Already up on his haunches from digging, Lon lays his shovel down to the side. Supporting his body weight on closed fists, he walks them toward Brianna. She welcomes him, her hands meander the length of his bare and flexing arms.

“So many long, torturous days passed me by. And I thought of you, each and every one,” he returns the affection, his lips thirsty in indulging in the moisture of hers. “Your taste. Your touch.” He shivers momentarily, goose bumps forming on the skin of his arms as she trails her fingernails over it. “Your smell.” His face hovering about hers, he inhales her from her neck to her ear filling his lungs with the sweet scent. “You haunted me, Brie.”

“I know,” she emits through a whisper, having felt her own pain with his absence. “But I’m here now. We never have to be apart again.” She cups his face in her hands, pressing her lips to his, kissing him slowly, deeply, hungrily, the flawless contact making right the wrong in Johnny’s kiss at the jail cell. Withdrawing her mouth, her lungs search for air, picking up on the scent of his five o’clock shadow rich with marijuana. “You been smoking? You carry it with you? Lon?” Her passion turning to concern, quite inconvenient in ruining the moment.

He disengages from her, picks up the shovel and carries on with his digging. “Yes. I smoked. On the way over here. In my Scout. I can’t do it here. At my parents’,” he reasons.

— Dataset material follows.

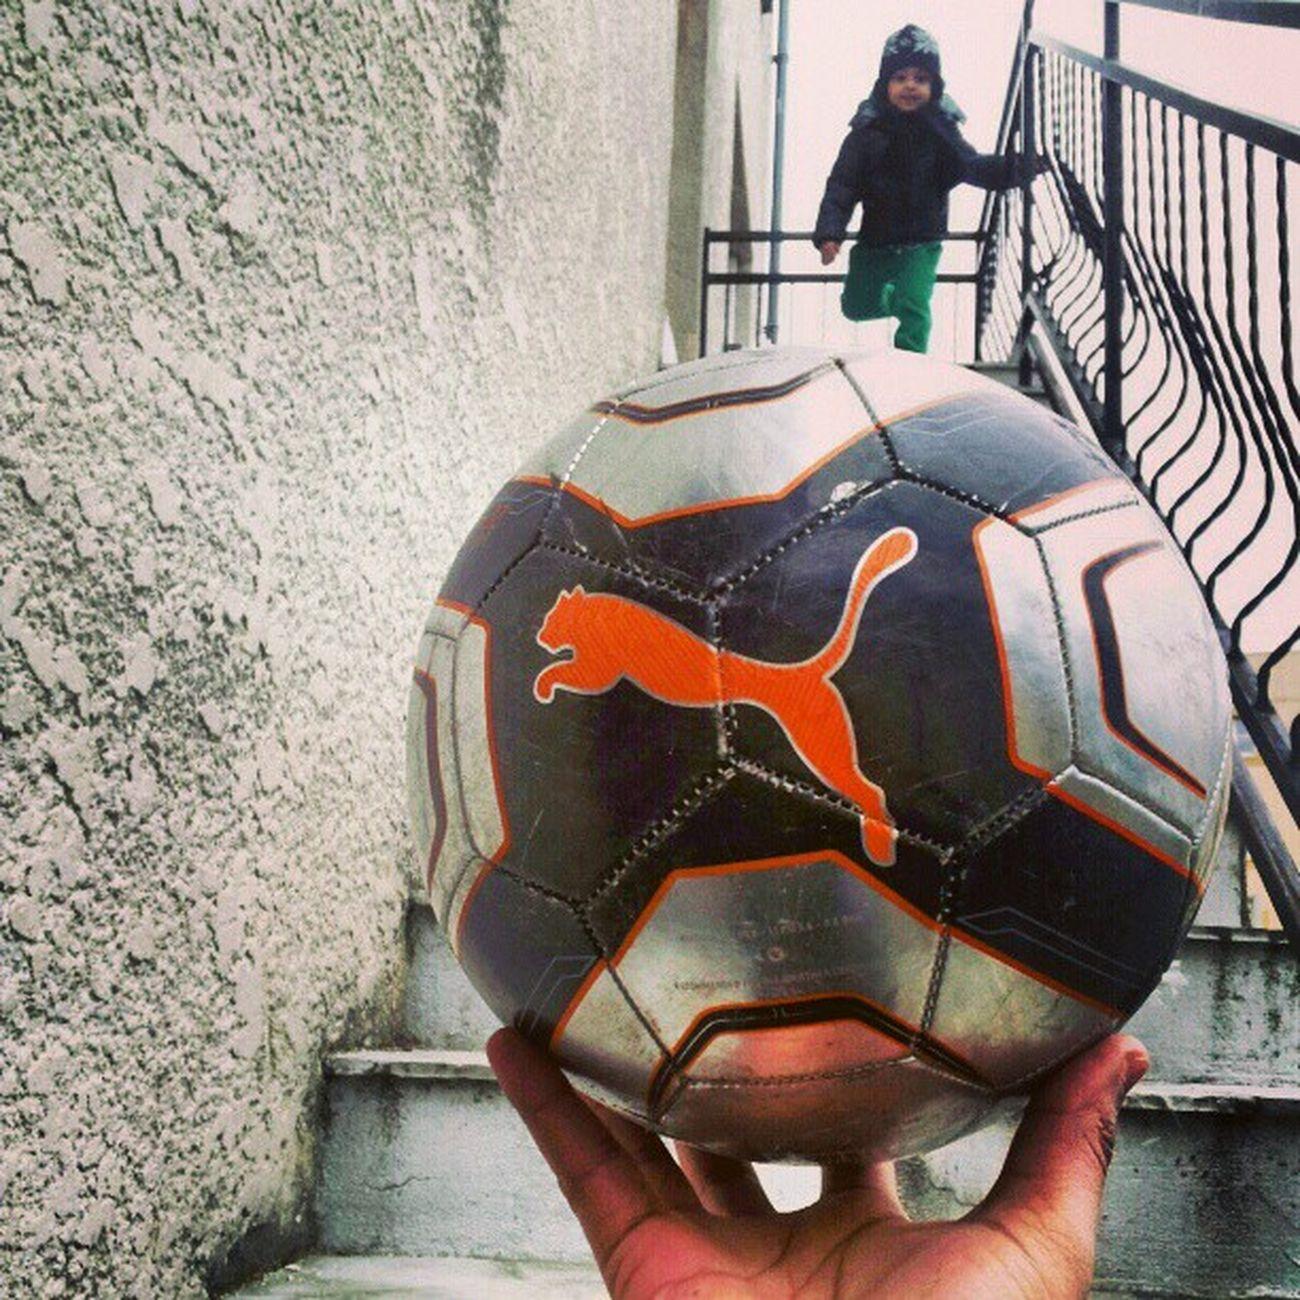 En mode Football Instantané Creation Delire ballon puma shoot paris banlieue France ''
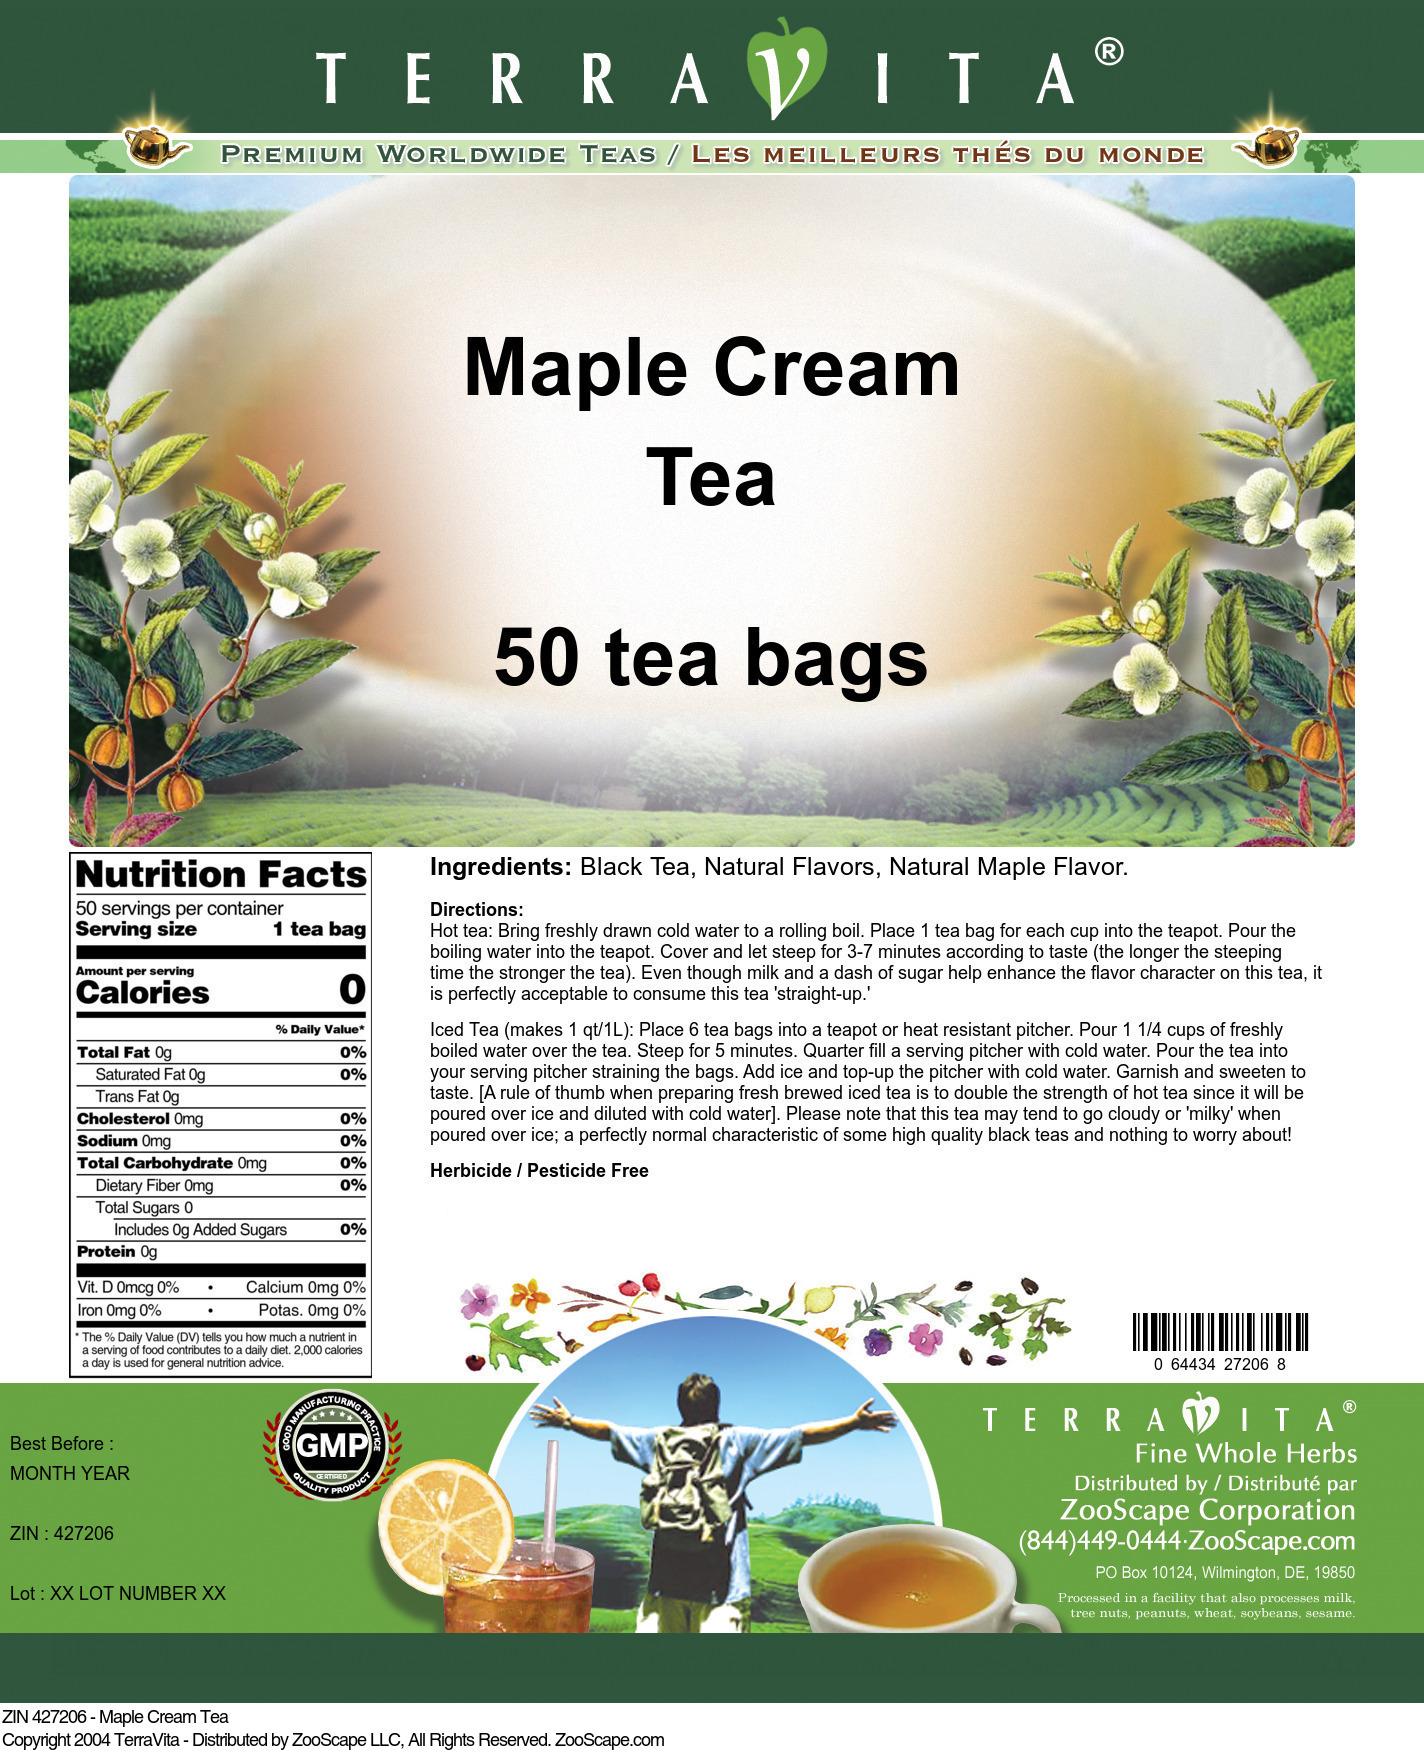 Maple Cream Tea

“You can’t go one night without it?” She wonders how strong his addiction is.

“Yes. I can go without it. I just don’t want to.” He shrugs. “Brie, it’s a part of me. Who I am. What I do. It’s no different than having a drink every night or smoking cigarettes or overeating,” he justifies. “It’s an indulgence and I like the way it makes me feel. Now, can we just drop it,” the plea comes out as more of an order than a question.

“Sure,” she huffs, instantly turned off by his tone and his weakness for Mary Jane.

An awkward silence passes between them as Lon finishes up his digging. Having created a sizable grave, more deep than wide, he gently picks up the skull in preparation to put it in its final resting place.

“Wait,” Brianna petitions. “Today. When you and Johnny were fighting. Well, after you were done fighting,” she corrects, “remember, you spit in the grass and then he did?” Her face contorts at the primitive gestures.

“If you say so.” He is unsure of exactly what he did in the heat of the moment.

“This might sound crazy…” She stops herself, considering how pretty much every event that has involved the corrupt skull seems like some drummed-up, cockamamy, whopper of a story. “But anyway. Today. When you two spit in the grass. On the same spot. I swear to God, Lon, it sparkled that same fluorescent emerald green color that you and I saw on our palms that night at the marsh.”

He tilts his head as if he wants to disbelieve her confession, yet somehow halfway buys it, all things considered. “Johnny wasn’t there that night at the marsh. And you told me yourself that you haven’t seen that glow since. Neither have I.”